Published in the Ocean Watch column,
Honolulu Star-Advertiser © Susan Scott

Monday, September 24, 2012

A manta ray leaps in the Sea of Cortez. ©2012 Susan Scott

In my Sept. 10 column, I wrote that rays have been reported giving birth while leaping from the water, but I never knew anyone who saw it. Now I do.

Years ago, reader Ken Goldstein and his wife, Linda, took their granddaughter to the Kaneohe Bay sandbar on weekends in their pontoon boat. Coming home one day, they saw an eagle ray leaping feet from the water near the pontoon’s mooring. Approaching slowly, the family discovered three tiny replicas of the jumping ray.

“The mama ray had no problem with us coming right next to them, and we were even allowed to pet the babies,” Ken emailed. “When we slowly motored off a few hundred feet to moor, they all followed us, and the babies rubbed against our legs in the waist-deep water. Quite a magical encounter.”

Over the next few years in that area, a ray often swam to Ken and rubbed against his legs.

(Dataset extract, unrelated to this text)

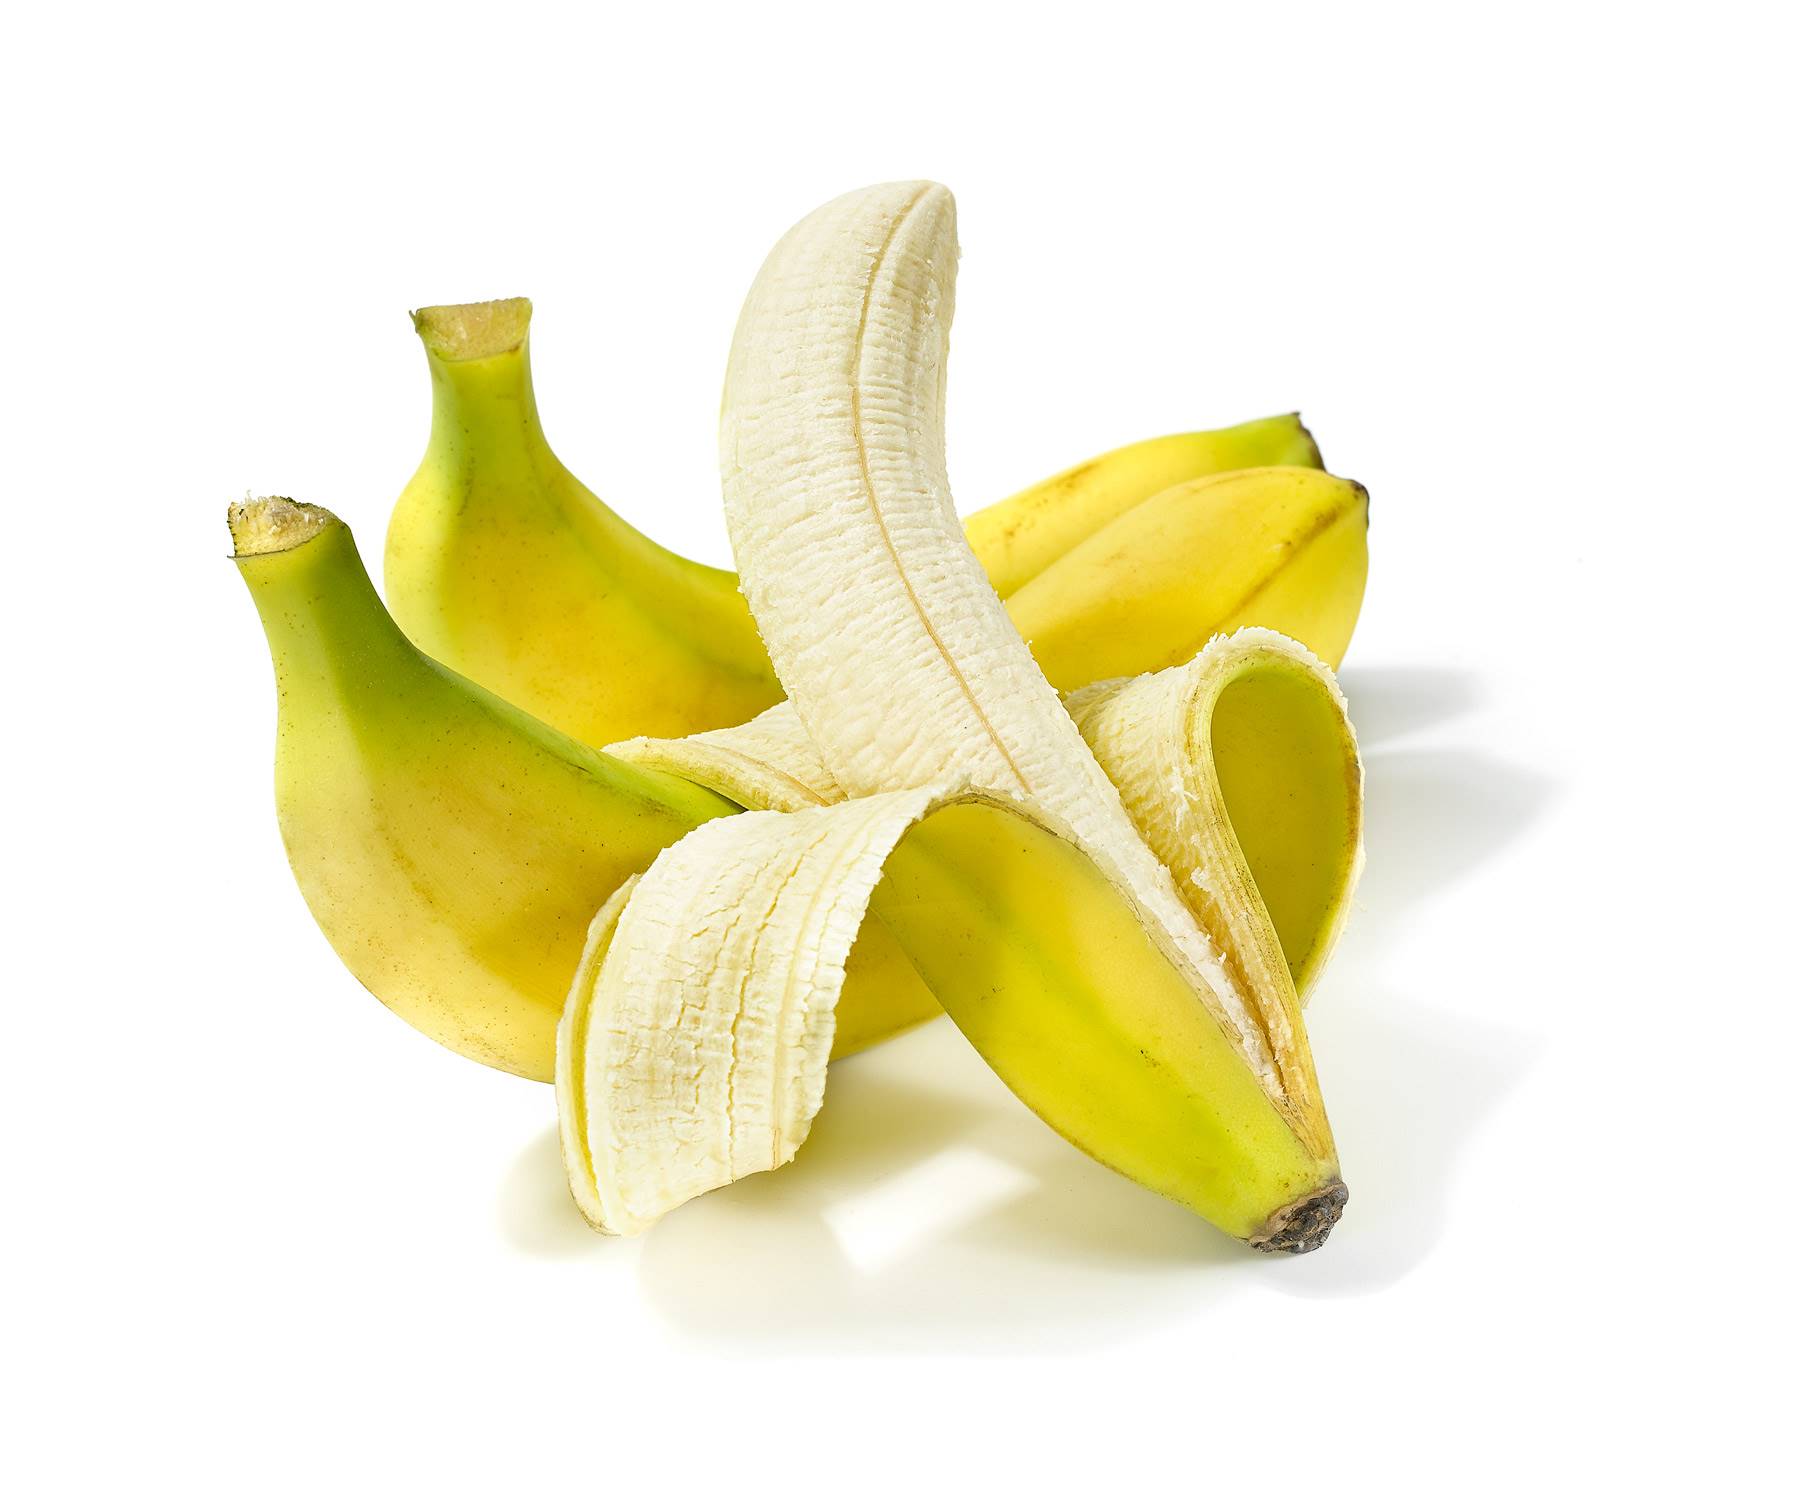 PLATANO. La energía del plátano

When his boat mechanic saw this, he said, “Do you know this ray?”

Ken answered with a happy “Yes!” He believes that since friendly human hands and legs appeared moments after they were born, the little rays deemed people (or at least two white legs in the water) a safe part of their environment.

ray

Ken and Linda befriend other animals, too, providing good homes for tortoises and turtles that need them. They are housing 24 members of several species. For information, email them at rescue@catii.com.

Another reader, Peggy, wrote that an eagle ray forages regularly along the rock wall of Koko Isle in Hawaii Kai. While crossing the bridge over Kalanianiole Highway, Peggy and her husband “saw a giant ray leap straight out of the water on the canal side.” My column made them wonder whether the ray was pregnant.

Since females don’t “show” during their pregnancies, you can’t tell by sight if a ray is expecting. If you get a peek at a ray’s underside, though, you can tell whether it’s male or female.

Male rays (and male sharks) have two tubelike organs, called claspers, on the outside of their pelvic fins. Technically claspers aren’t penises, but they perform the same job of transferring sperm internally to females.

Female rays produce eggs with yolks, but in most eagle ray species, the eggs remain inside the uterus. After the growing embryos use up their egg yolk for nourishment, the mother sustains the babies with fluid secreted from inside her uterine walls. Eagle rays’ pregnancies last for 11 months. Newborns are 6 to 14 inches wide.

Manta rays are another type of ray that leaps from the water, sometimes giving birth to one baby while airborne.